A GENERATION of Scottish school pupils have grown up in the digital age not knowing how to programme computers, experts have warned.
Harvey Wheaton, chief executive of Edinburgh-based digital skills academy Codeclan, said a “blind spot” in the education system had left Scotland with a significant skills gap.
Currently there are some 11,000 digital job vacancies every year in Scotland, but only half of these are filled.
The aim of Codeclan, which is backed by Skills Development Scotland, is to create a new generation of software developers by offering courses to adult learners.
Mr Wheaton said: “The whole world is digital and every business is a software business because, whatever you are doing, software is at the heart of it.

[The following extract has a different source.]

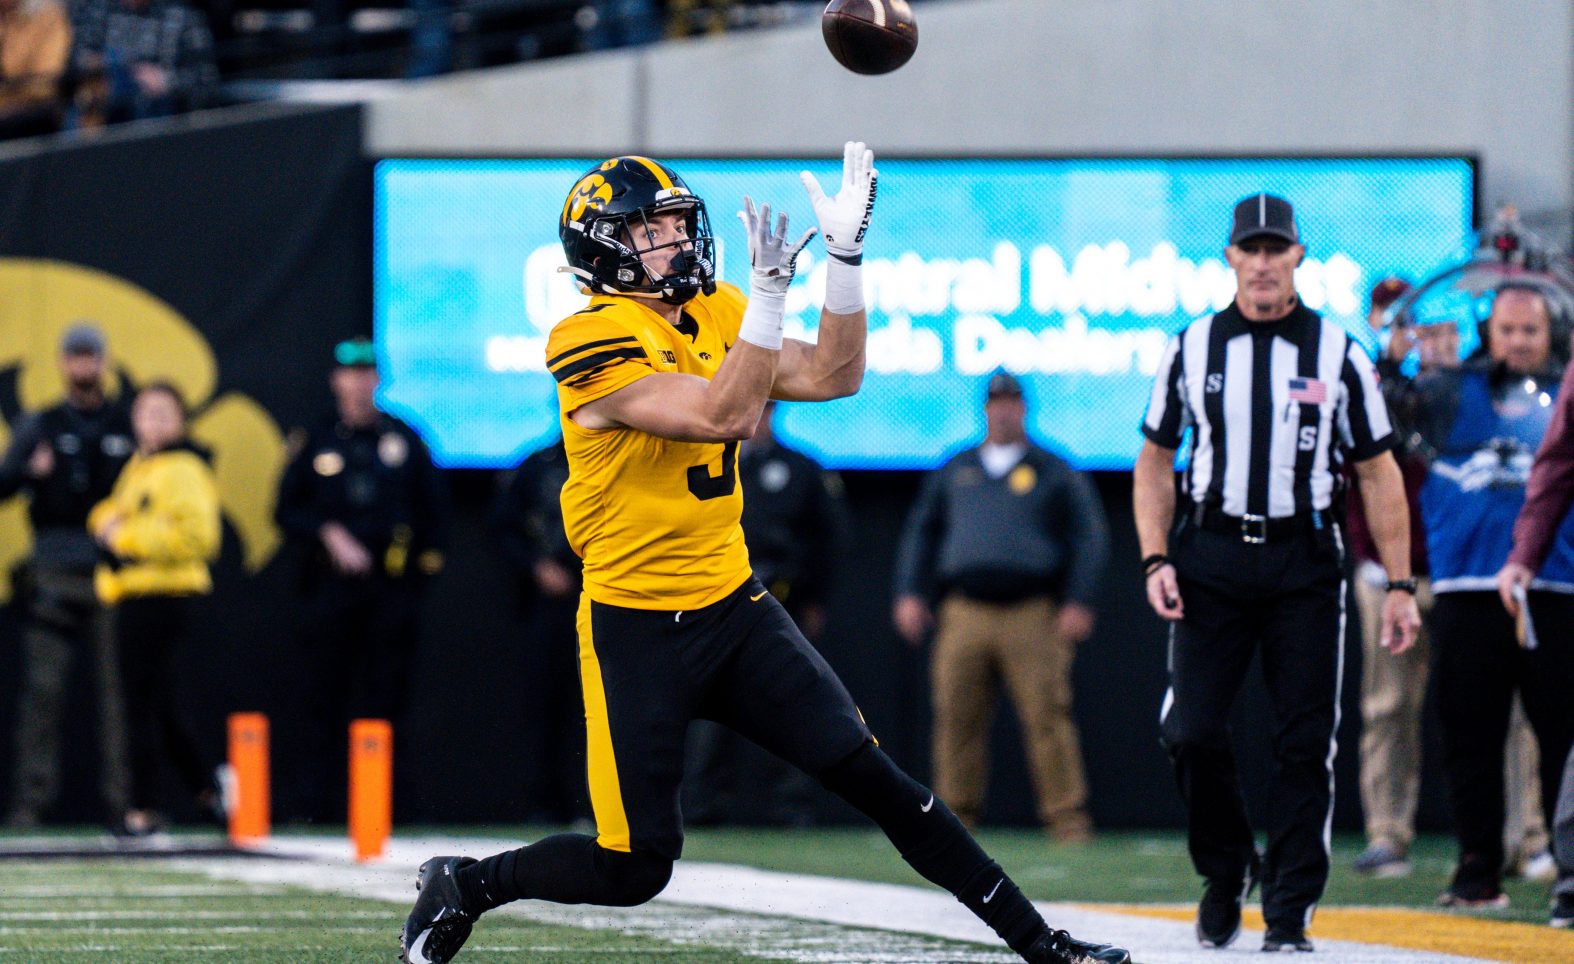 Two Guys Named Chris: “The Call” and Iowa’s epically offensive offense

“That means being able to programme is critical to everything we do and therefore the demand for that as the world moves on and as computers move on is constantly increasing.
“However, the education system has not identified this as an important enough factor and we have lost a generation or more of people who don’t understand what programming is.”
Mr Wheaton, who is planning further expansion of Codeclan into Glasgow, said the negative impact of the skills gap was significant.
He added: “The economy is not going to survive without these skills because the future is digital.
“Without that talent in Scotland people are going to look elsewhere and bring people in from or look at other locations in the world to set up business.”
Codeclan offers intensive courses with the aim of creating a new generation of software developers with the skills employers need.
The development of the skills academy comes at a time when some secondaries have closed their computing science departments blaming a lack of interest from pupils.
A report by national schools body Education Scotland said: “In too many schools, computing science has diminished in popularity. The subject can too easily become a sterile and functional experience, lacking in creativity.”
In 2011, Google chief executive Eric Schmidt said the UK was throwing away its “great computer heritage” by failing to teach programming.
Meanwhile, Rowena Arshad, head of the Moray House School of Education at Edinburgh University, called for all children to be taught coding from primary school to a bid to address the issue.